Robots.txt checks

How DomainCare monitors robots.txt for missing files, invalid directives, and content changes on your domain.

Last updated 7/12/20263 min read

Robots.txt checks

DomainCare fetches robots.txt on every check cycle, verifies the file is reachable and structurally valid, and detects when its content changes. A missing or invalid robots.txt can cause search engines to misinterpret crawl permissions for your domain.

What it monitors

Existence — whether https://<domain>/robots.txt returns a 2xx response
HTTP status — any non-200, non-404 response is flagged as an error
User-agent directive presence — a file with no User-agent: line is considered invalid
Content changes — the full file body is compared against the previous successful fetch; any difference triggers an info alert
File size — recorded in bytes for each run

How often it runs

The robots.txt check runs every 12 hours (43,200 seconds) by default.
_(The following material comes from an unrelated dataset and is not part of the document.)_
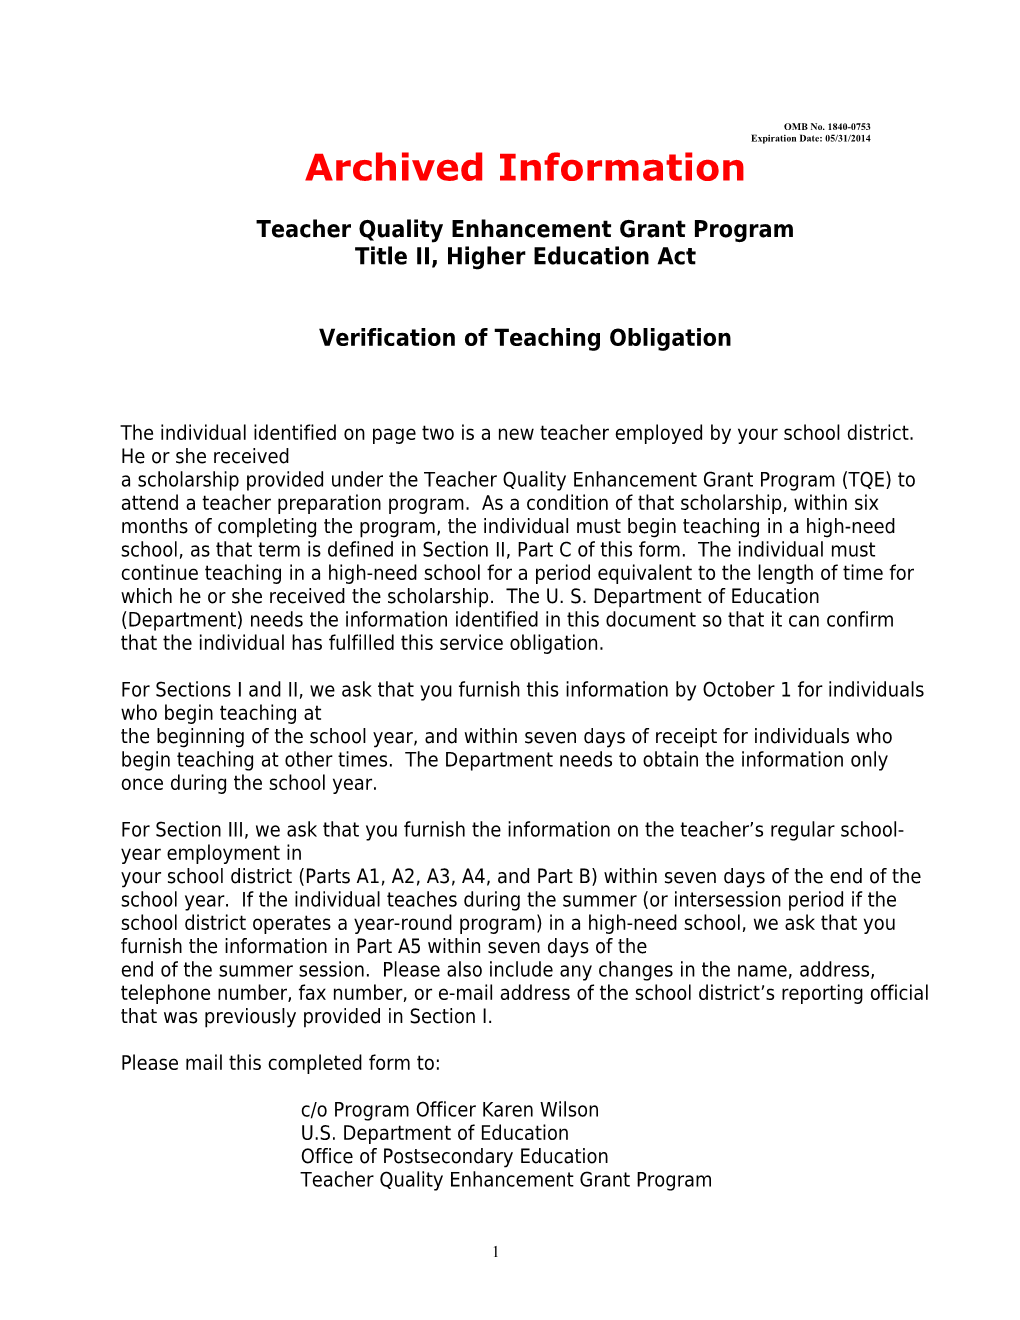 Archived: Verification of Teaching Obligation Form Teacher Quality Enhancement Grants Program
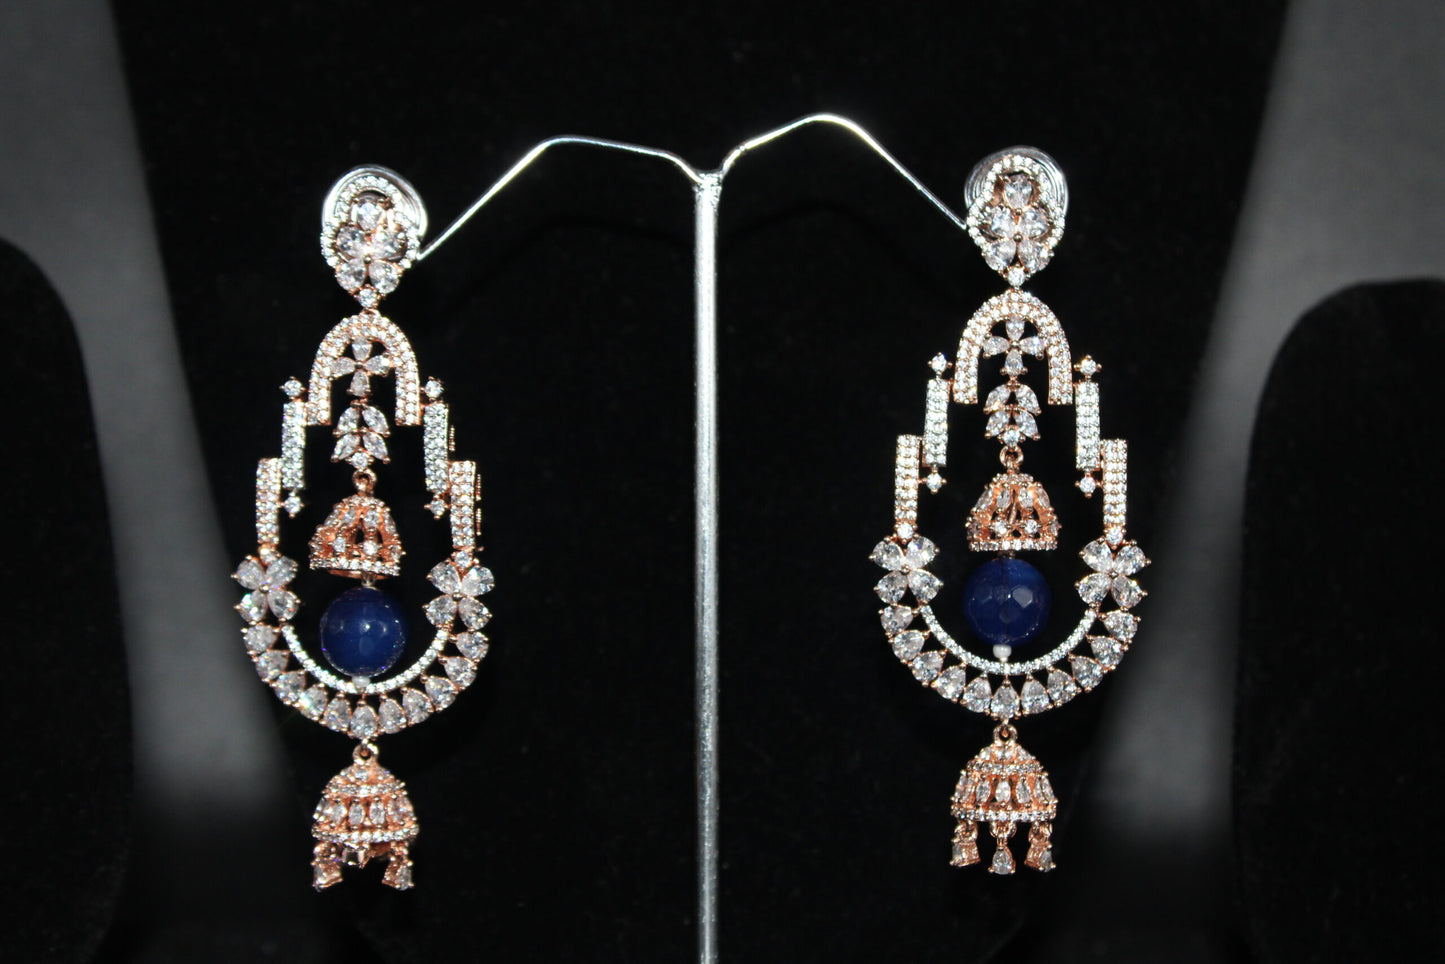 Elegant designed earrings filled with american diamonds

Paid plans can override this per domain via per-check controls. Redirects are followed automatically (up to the platform redirect limit) so that http:// to https:// redirects do not generate false-positive failures.

A 404 response is treated as a clean "file not found" failure rather than a network error, because some frameworks intentionally omit robots.txt and that is a distinct state worth alerting on.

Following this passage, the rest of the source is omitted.